Annabel McConnachie and Kevin Smith. Photo courtesy of Eloise Martin-Jones
The flipside of such play can be seen in the real-life scenes, in which, for example, the Girl's dating and sexual experiences fail to live up to their fictional counterparts. One man, played by Kevin Smith, who impressively distinguishes the various characters whom he takes on, down to their different ways of moving and carrying themselves, admits to watching a great deal of porn, which also provides a site for imaginative play and projection but, as with fan-fiction, does not always provide the healthiest of models. As we see, more than once, a phrase like "You're so wet" may sound better on the page than when an actual man says it out loud to an actual woman. Smith and McConnachie play off one another splendidly in these scenes, often spinning comedy from their awkwardness, as in one sequence in which Smith plays an alarmingly clingy date (like a lot of dirty talk, having a man obsessed with you also, it turns out, seems better on the page).
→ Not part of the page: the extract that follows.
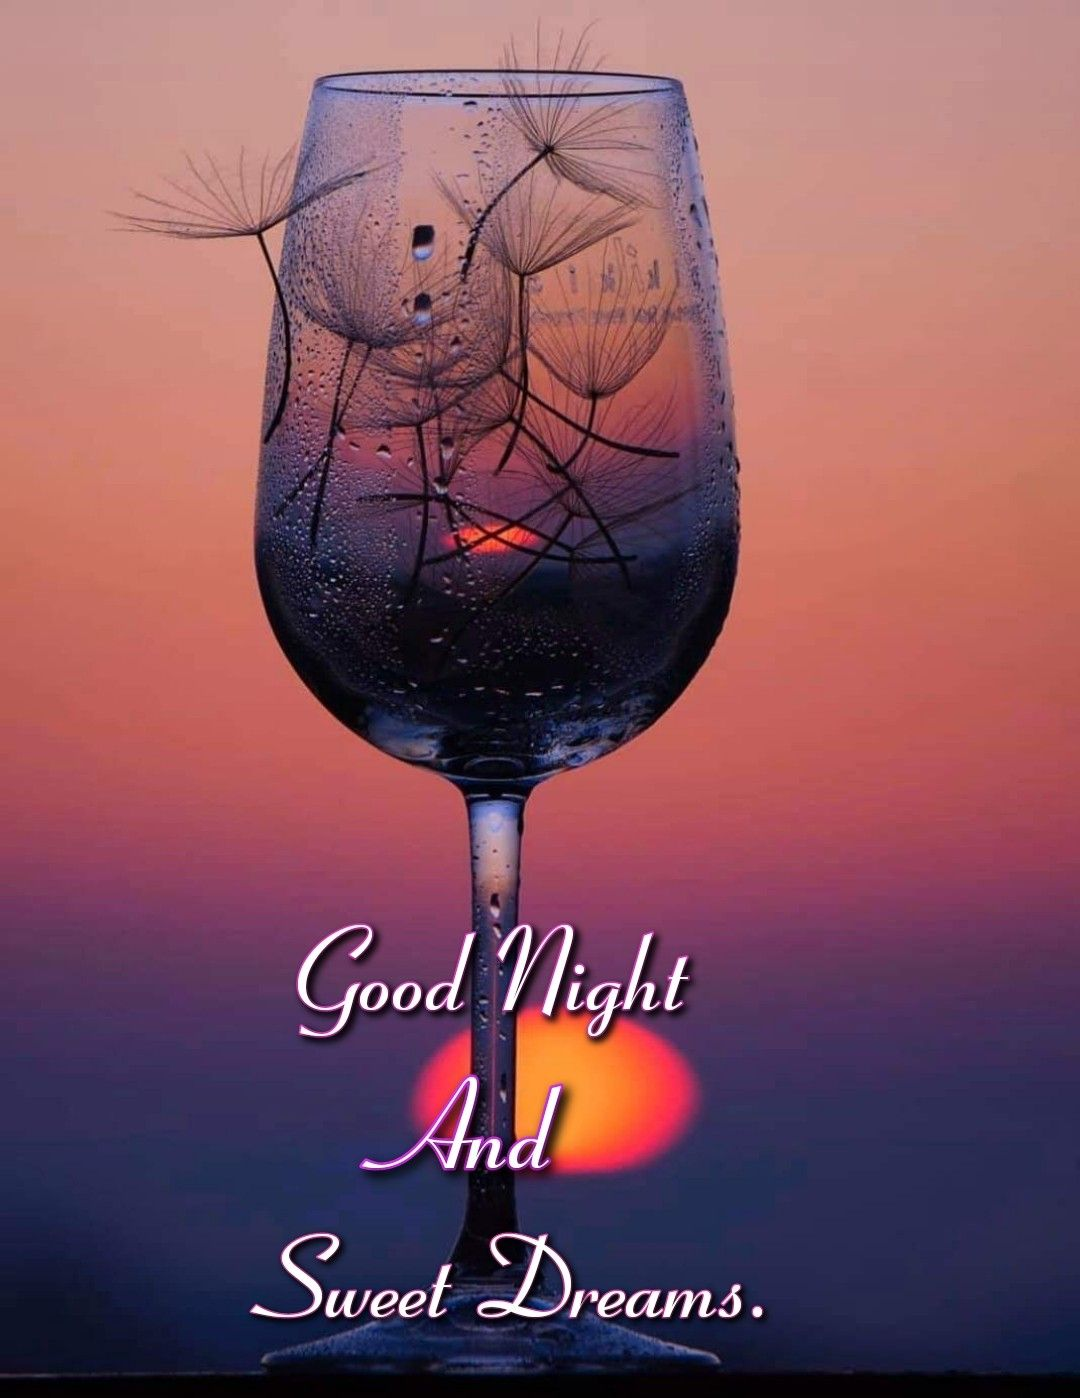 Pin By Giancarlo Siboni On Beautiful Night In 2020 Good Morning Nature Good Night Greetings Good Night Image

The production's minimalist set helps facilitate the show's brisk pace and quick transitions, and the use of pop music cues in some of the fan-fic scenes both enriches their atmosphere and highlights their status as fantasy. As the Girl and the play conclude, this sort of fantasy can have positive, even empowering elements, but learning about sexuality and romantic relationships from the unreality of fan-fic can also be misleading and unhealthy, and a breakup serves as a neat summative metaphor that bridges the various strands that the play has set out. Archive of My Own sets out these ideas in a way that is hilarious without sacrificing nuance, and, in a time when you can make an AI chatbot version of Glee's Rachel Berry to live out fan-fic scenarios in real-time, they will only become more important.